Digital Autoethnography

The first experience was a course in new digital literacies – titled Facebook and Autobiography – that was delivered at the City University of Hong Kong in the fall semester of 2016 by myself together with prof. Roberto Simanowski. The goal of the course was to explore the practices of self-representation on social networks (i.e. Facebook and Instagram ) and assess how these differ from traditional forms of written self-representation, such as traditional diaries. Most importantly, we aimed to do so by putting the students enrolled in the course at the centre of the analysis and the learning experience so that they could capitalise on it in terms of critical insights about technological subjugation.

Overall, 38 students were involved. Methodologically speaking, beyond the delivery of typical lectures focused on autobiographic writing across old and new media (e.g. ; ; ; ), we elaborated a digital autoethnography, defined as the study of the discourses that emerge at the intersection of online/offline and the offline context through which the online worlds are entered ( ). In fact, the digital autoethnography consisted of a double-sided analysis. On the one hand, as researchers, we entered Facebook and Instagram via the creation of profiles that students befriended, on a voluntary basis, in order for us to monitor their activities over a period of five weeks; on the other hand, we instructed our participants to self-reflect upon their SNSs use through a number of assignments, whose assessment was part of the final evaluation for the course. The assignments were designed, together with three other colleagues from Germany, during a workshop held at the University of Wuppertal in July 2016 (thus prior to the beginning of the semester).

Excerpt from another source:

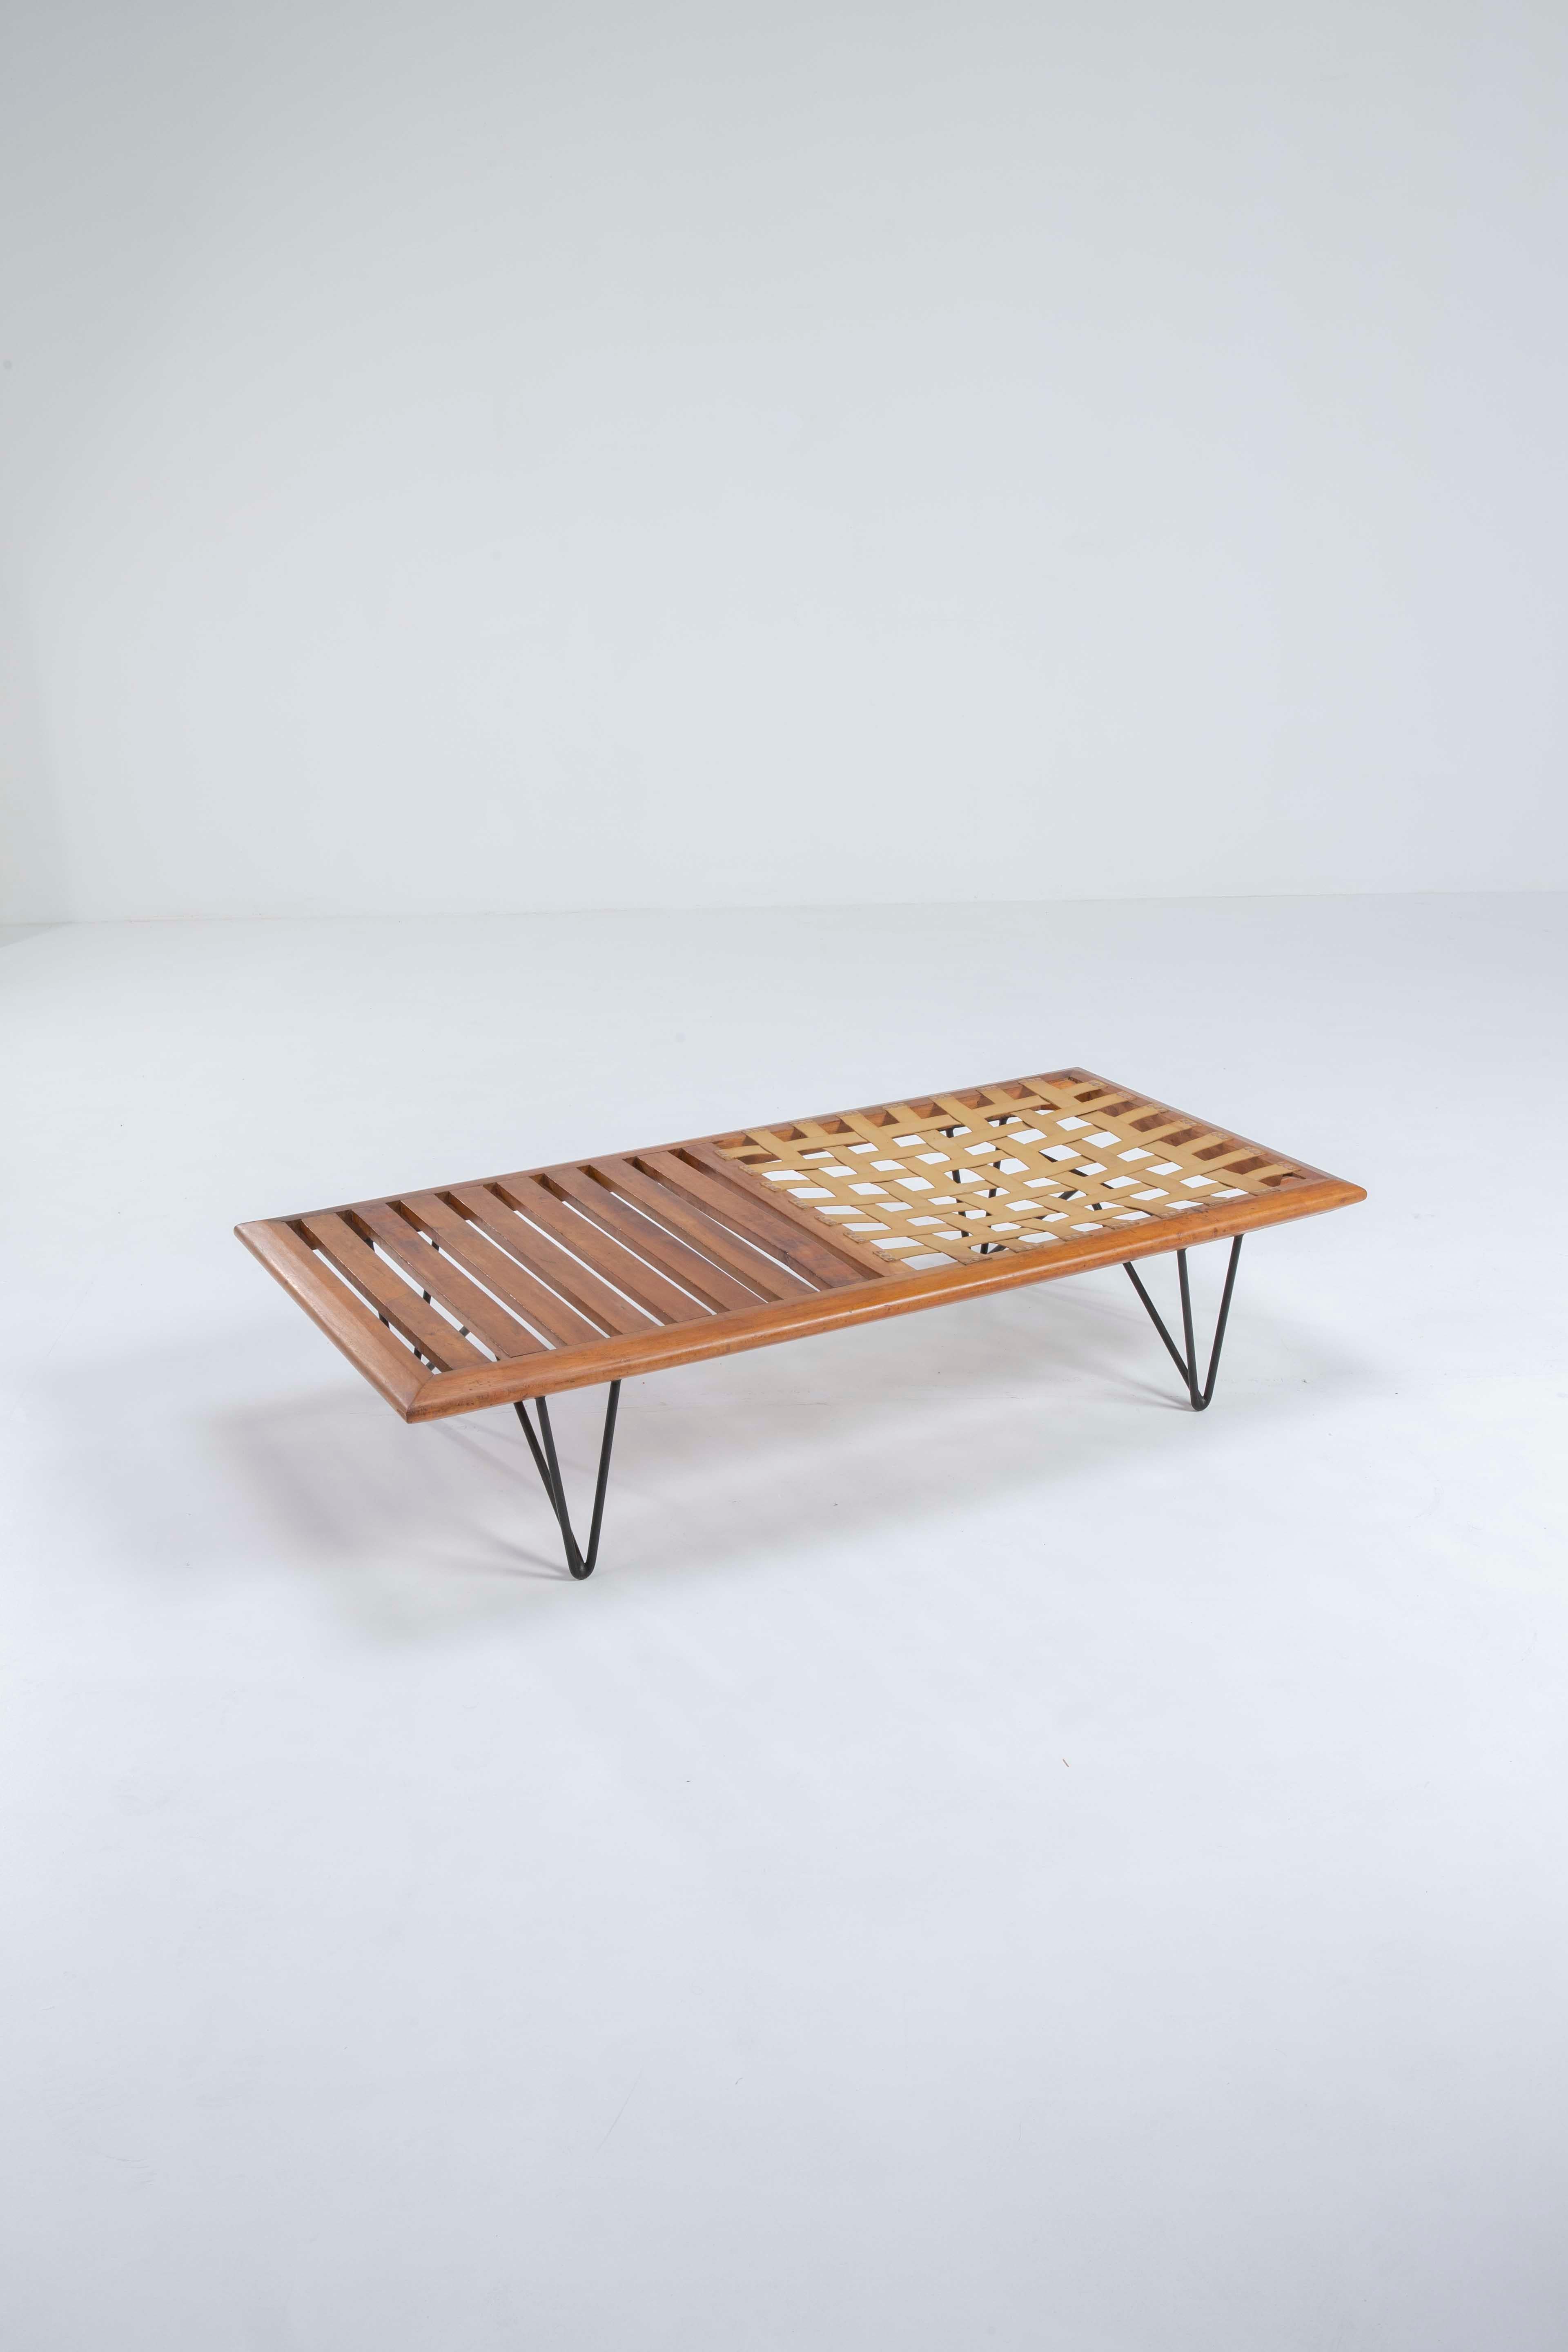 Carlo Hauner and Martin Eisler Rare bench - 1950s Italian Scandinavian Design For Sale 3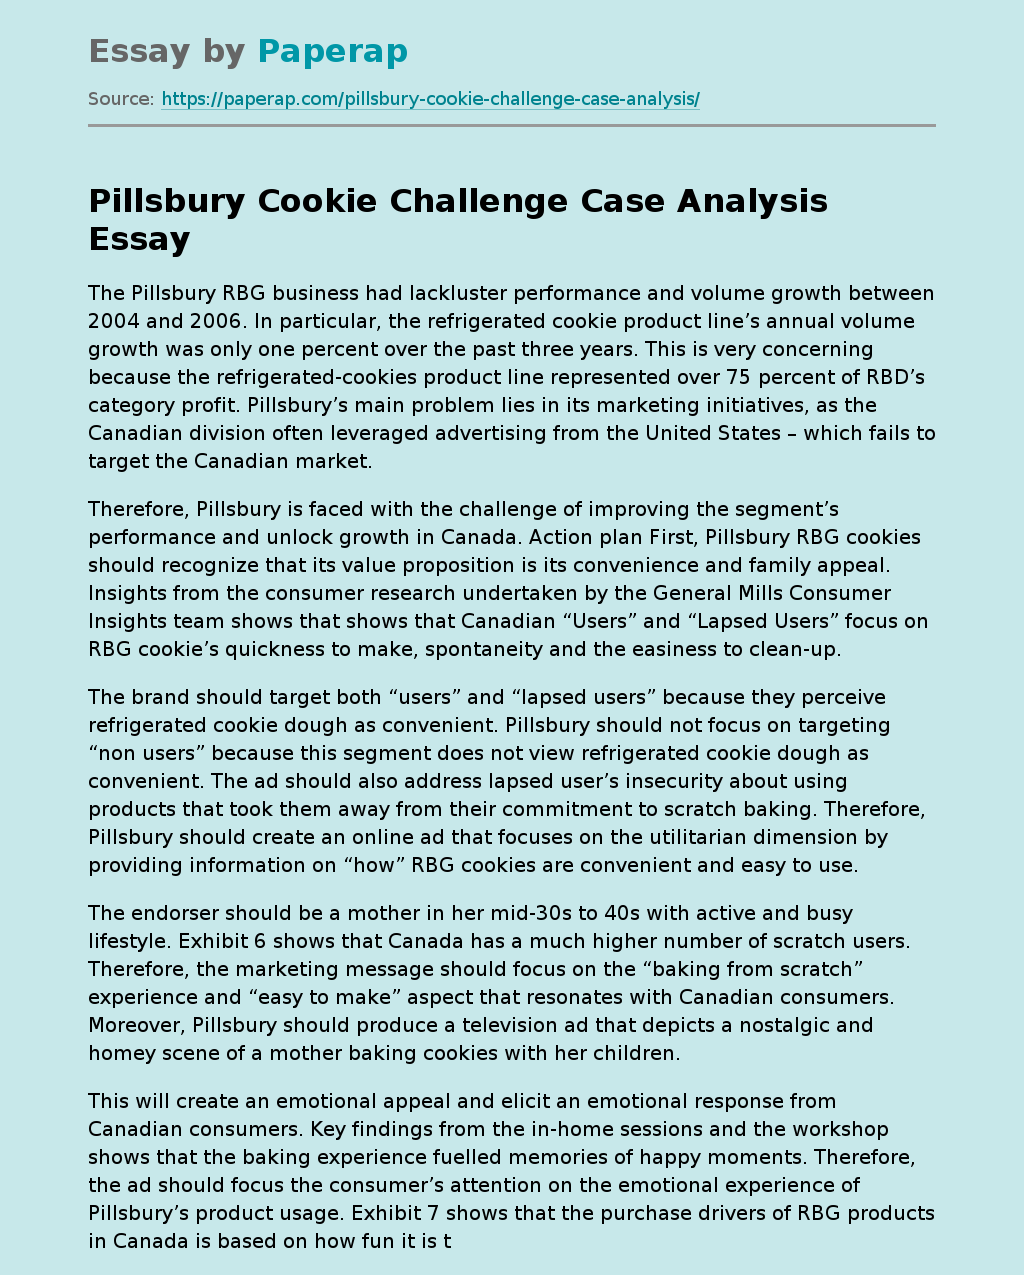 Pillsbury Cookie Challenge Case Analysis

To begin with, students were asked to answer a first round of questions aimed at providing us with a general understanding of their use of Facebook. Questions were: a) Why do you use Facebook?; b) To what extent would you say that your profile reflect yourself?; c) What is a diary for you?; d) Does Facebook work as a diary for you? (Why or why not); e) What do you look up on Facebook? Students had to write down the answers and they could elaborate on them as freely as they wished.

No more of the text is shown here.